Author: Bc. Ilia Zavidnyi - assigned and confirmed by the Study Dept.
Date of registration: 20.12.2023
Date of assignment: 20.12.2023
Confirmed by Study dept. on: 24.01.2024
Date and time of defence: 28.06.2024 09:00
Date of electronic submission:09.05.2024
Date of submission of printed version:09.05.2024
Date of proceeded defence: 28.06.2024
Opponents: Mgr. Peter Polák
 
 
 
Guidelines
The aim of the thesis is to explore and evaluate the effectiveness of Transformer architectures in the context of multi-channel data classification or regression tasks, with a specific focus on biometric datasets like MIMIC. The widespread adoption of Transformer models in natural language processing, computer vision, and other sequence processing or prediction tasks has shown their capacity to capture intricate dependencies in sequential data, making them a promising candidate for processing multi-channel data from various sources simultaneously.
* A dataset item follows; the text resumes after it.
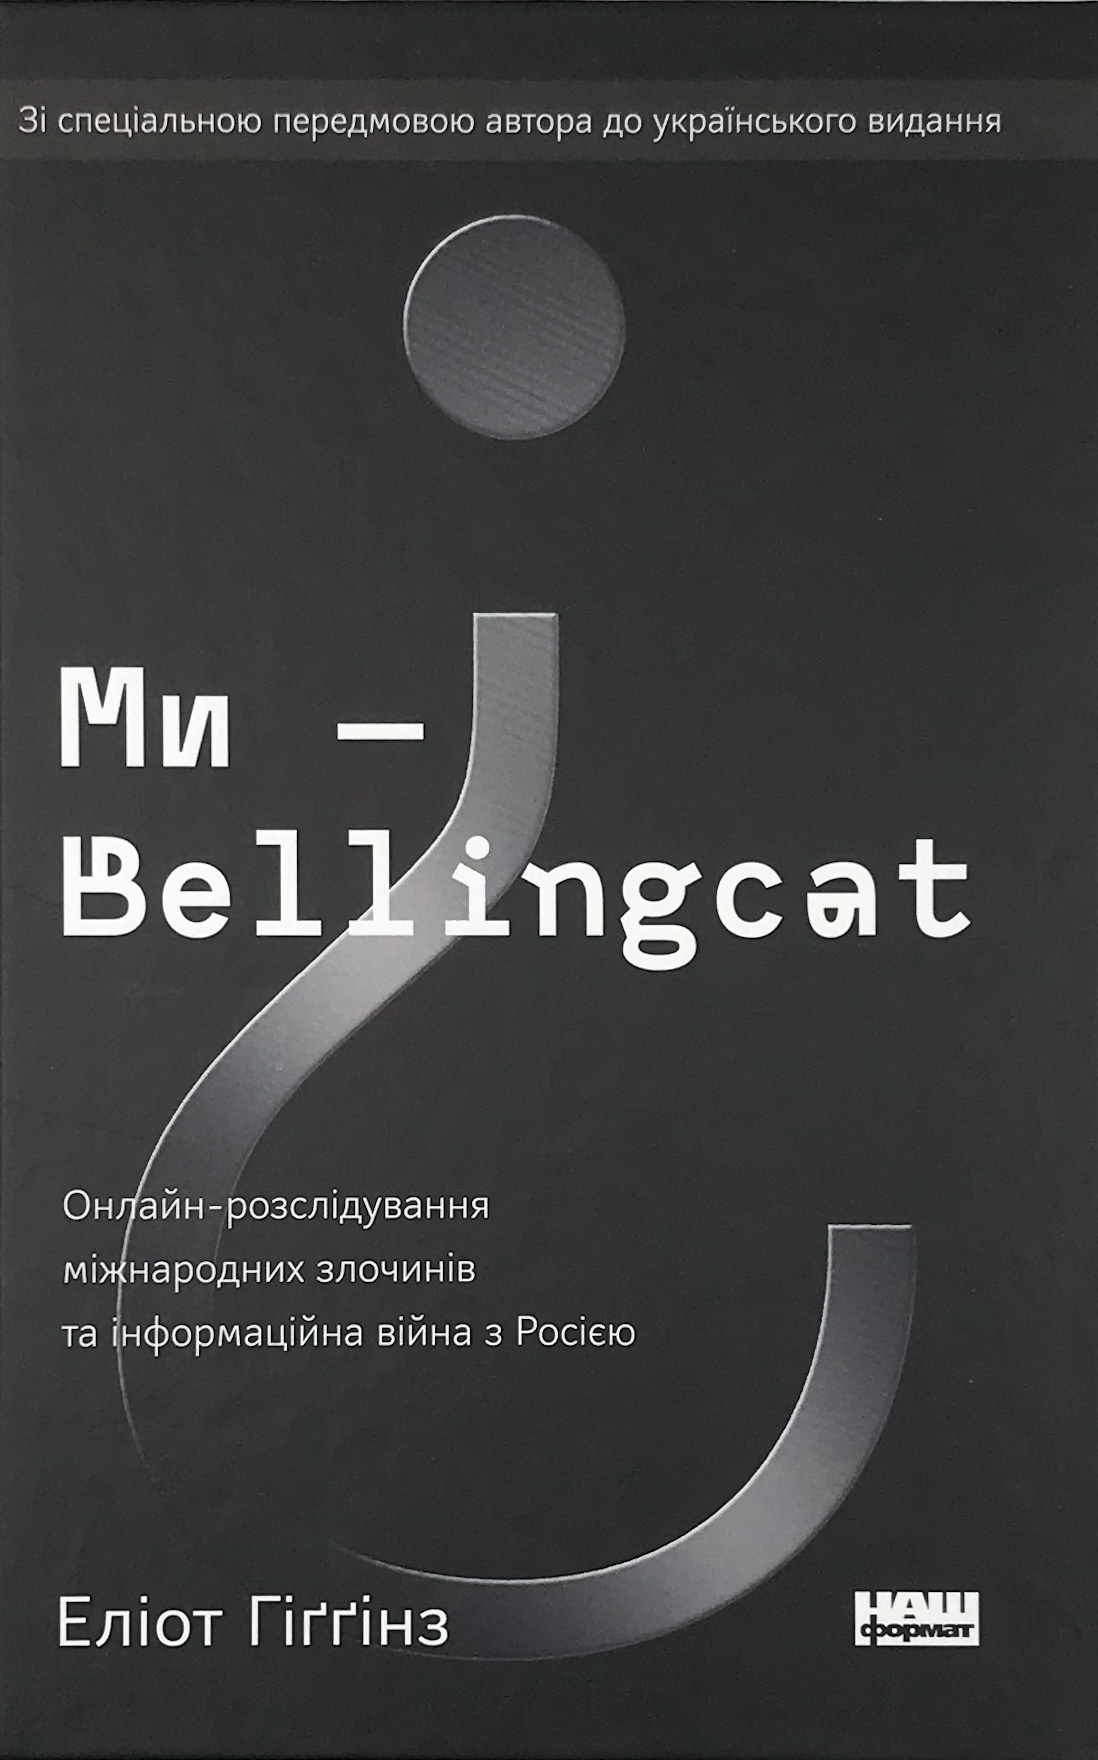 Ми — Bellingcat. Онлайн-розслідування міжнародних злочинів та інформаційна війна з Росією. Автор — Элиот Хиггинз.

The thesis will focus on the following objectives:

1. Design and Implementation of Multi-channel Transformer Architecture: Develop a specialized Transformer architecture tailored for handling multi-channel data. Considerations will be made for accommodating the unique characteristics of biometric datasets, such as temporal dependencies, varying signal modalities (numerical, categorical), highly varied sampling rates across channels, and missing data points.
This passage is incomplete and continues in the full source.